Reviewed: https://review.openstack.org/204251
Committed: https://git.openstack.org/cgit/stackforge/os-ansible-deployment/commit/?id=c694e11c9e1c1b8fa5a373d26c9106bf0bf8c11b
Submitter: Jenkins
Branch: kilo

commit c694e11c9e1c1b8fa5a373d26c9106bf0bf8c11b
Author: Jesse Pretorius <email address hidden>
Date: Fri Jul 17 11:38:00 2015 +0100

    Fix Horizon SSL certificate management and distribution

    This patch revises the SSL certificate management and
    distribution with something that is more consistent with how
    it's done everywhere else in the project. It also repairs the
    current user provided certificate distribution which was broken.
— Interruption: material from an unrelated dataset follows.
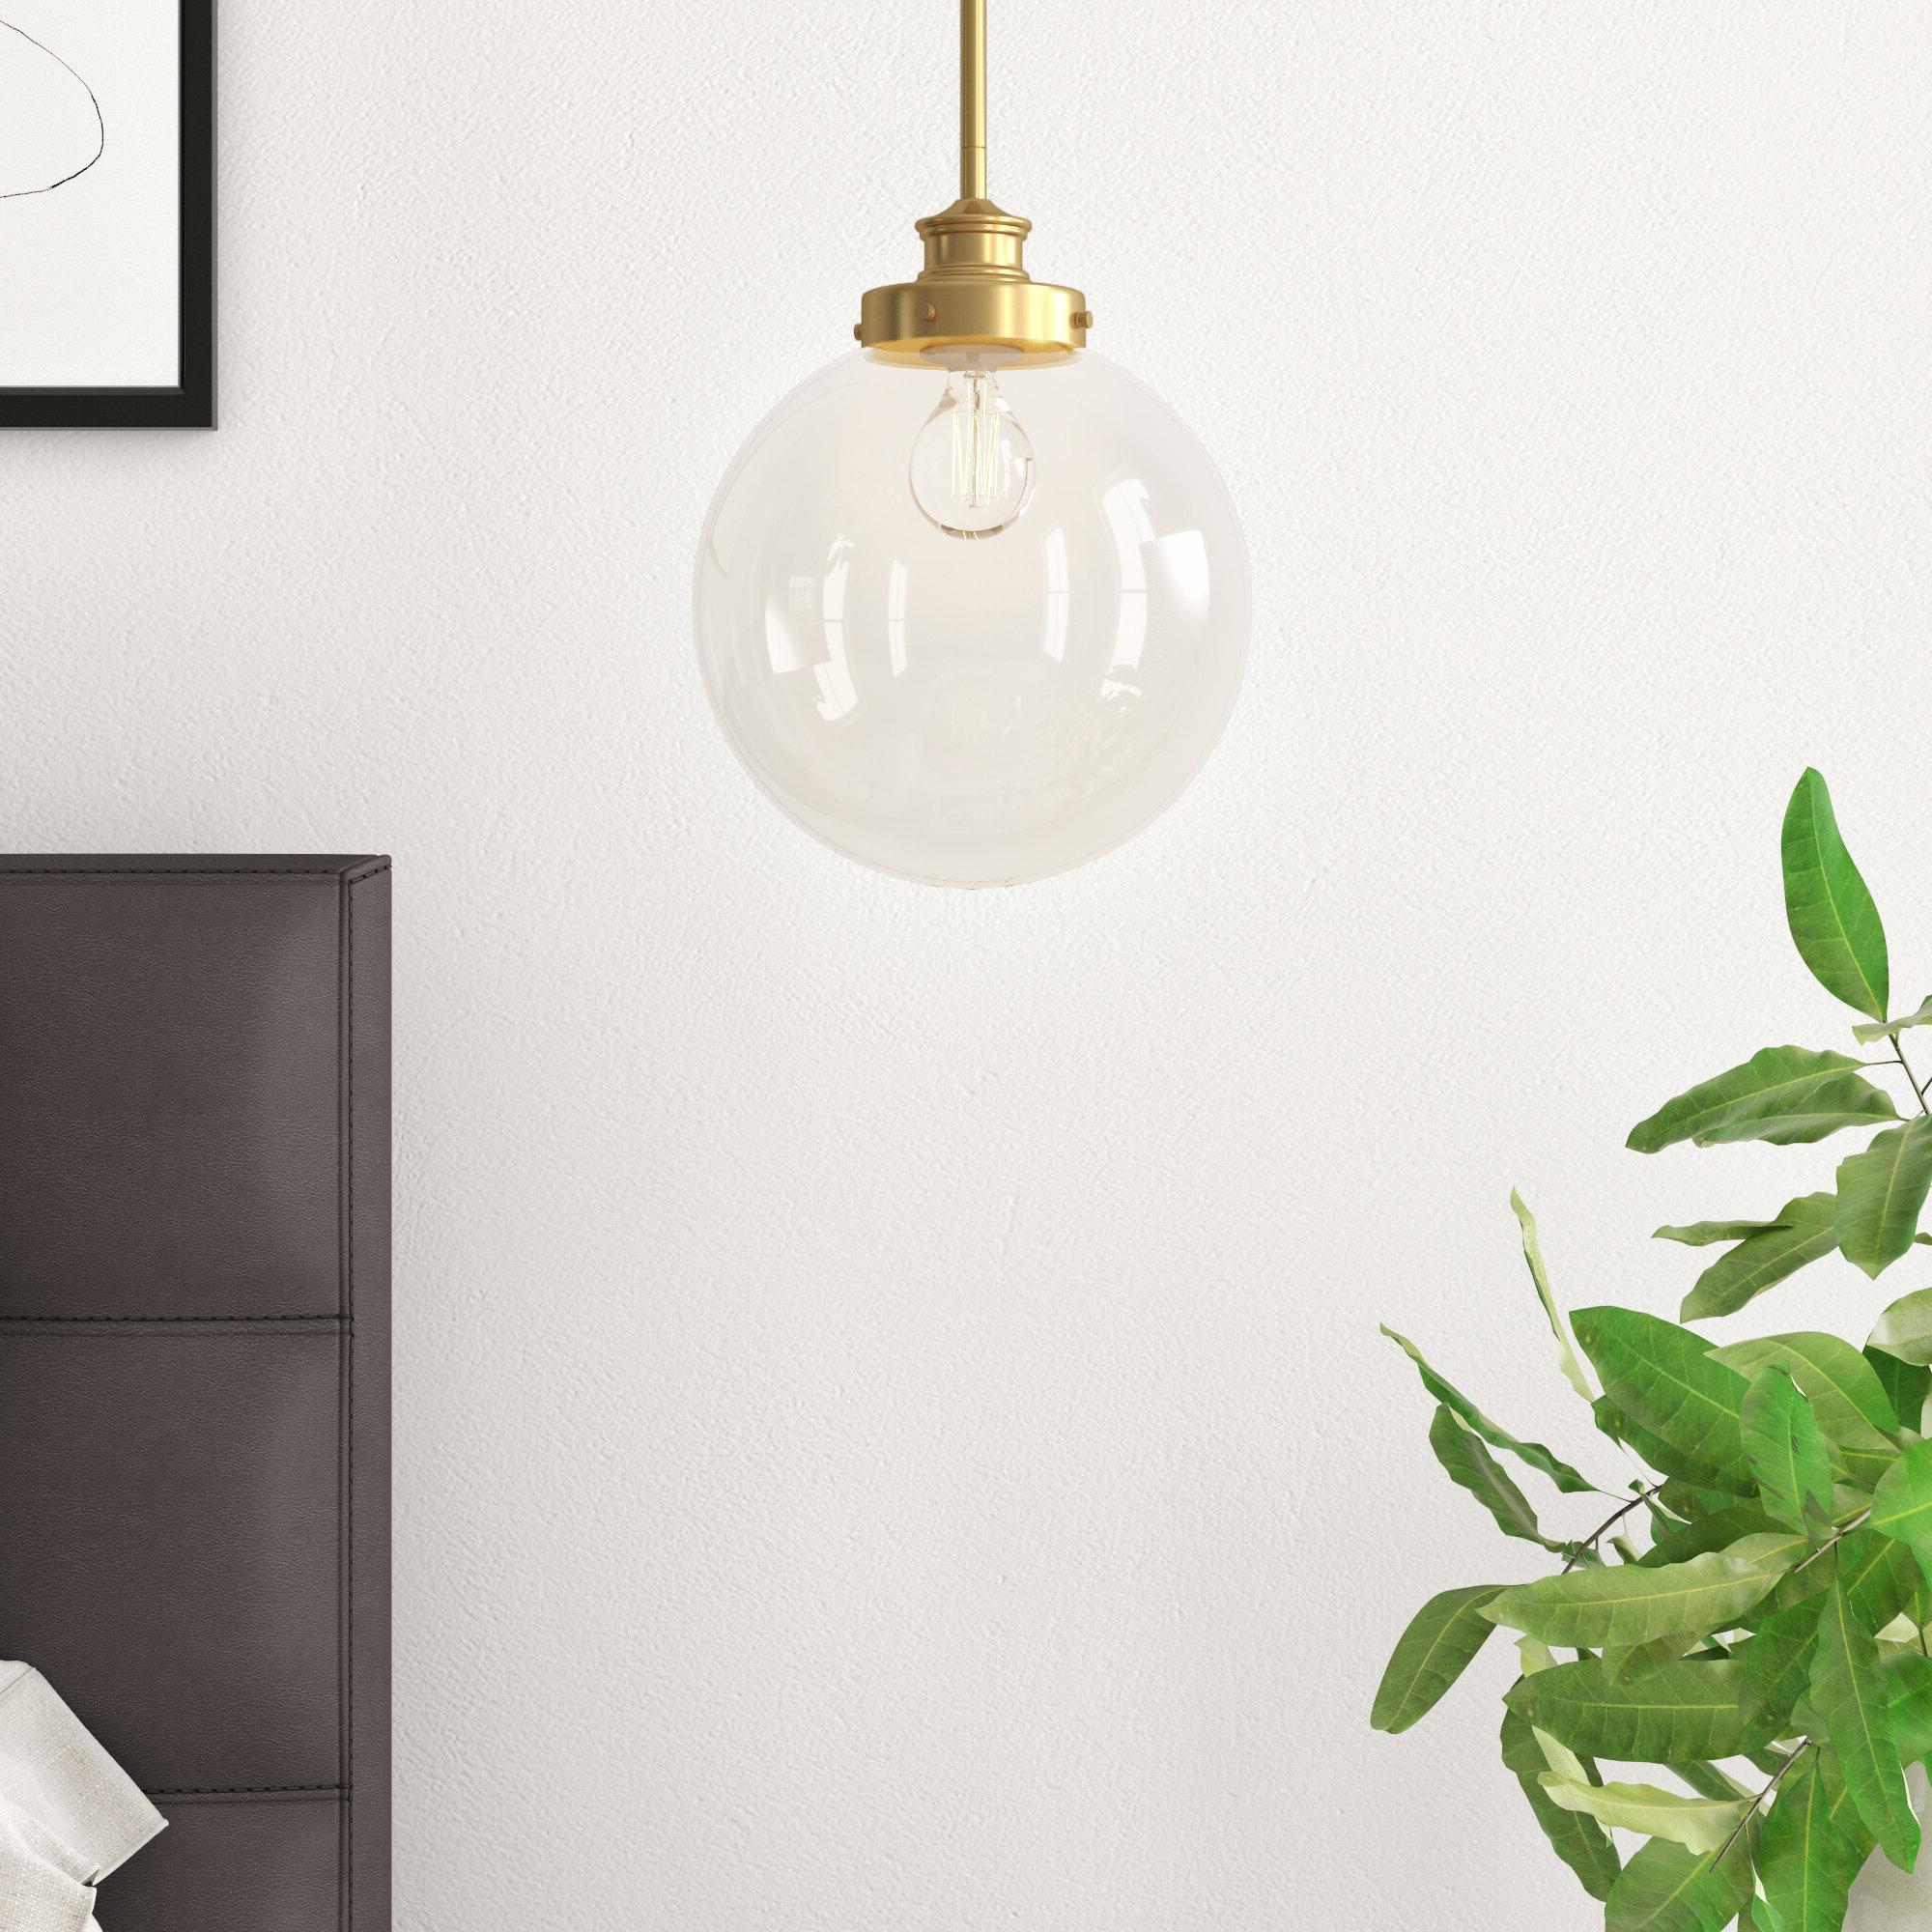 Cayden 1 Light Single Globe Pendant Regarding Preferred Betsy 1 Light Single Globe Pendants (View 5 of 20)

    * The server key/certificate (and optionally a CA cert) are
      distributed to all horizon containers.

    * Two new variables have been implemented for a user-provided
      server key and certificate:
      - horizon_user_ssl_cert: <path to cert on deployment host>
      - horizon_user_ssl_key: <path to cert on deployment host>
      If either of these is not defined, then the missing cert/key
      will be self generated on the first Horizon container and
      distributed to the other containers.

    * A new variable has been implemented for a user-provided CA
      certificate:
      - horizon_user_ssl_ca_cert: <path to cert on deployment host>

    * A new variable called 'horizon_ssl_self_signed_subject' has
      been implemented to allow the user to override the self-signed
      certificate properties, such as the CN and subjectAltName.

    Upgrade notes:

    * The Apache configuration appropriately implements the
      'SSLCACertificateFile' instead of the 'SSLCACertificatePath'
      directive in order to ensure that the appropriate signing
      certificate is provided to the browser.

    * The variable 'horizon_self_signed' (which defaulted to true)
      has been removed. The decision of whether to generate a
      self-signed certificate has been made based on whether a
      user provided key/cert pair has been provided.

    * The 'horizon_self_signed_regen' variable has been renamed
      to 'horizon_ssl_self_signed_regen'.

    * The default names for the deployed keys/certificates have been
      changed:
      - /etc/ssl/certs/apache.cert > /etc/ssl/certs/horizon.pem
      - /etc/ssl/private/apache.key > /etc/ssl/private/horizon.key

    DocImpact
    UpgradeImpact
    Closes-Bug: #1475578

    Change-Id: I7089abbd81ce422b21ce65488e8bc32053ba32ca
    (cherry picked from commit 3a14a988b921627fccfd930ae292381d3338a294)

This issue was fixed in the openstack/openstack-ansible 11.2.11 release.

This issue was fixed in the openstack/openstack-ansible 11.2.12 release.

This issue was fixed in the openstack/openstack-ansible 11.2.14 release.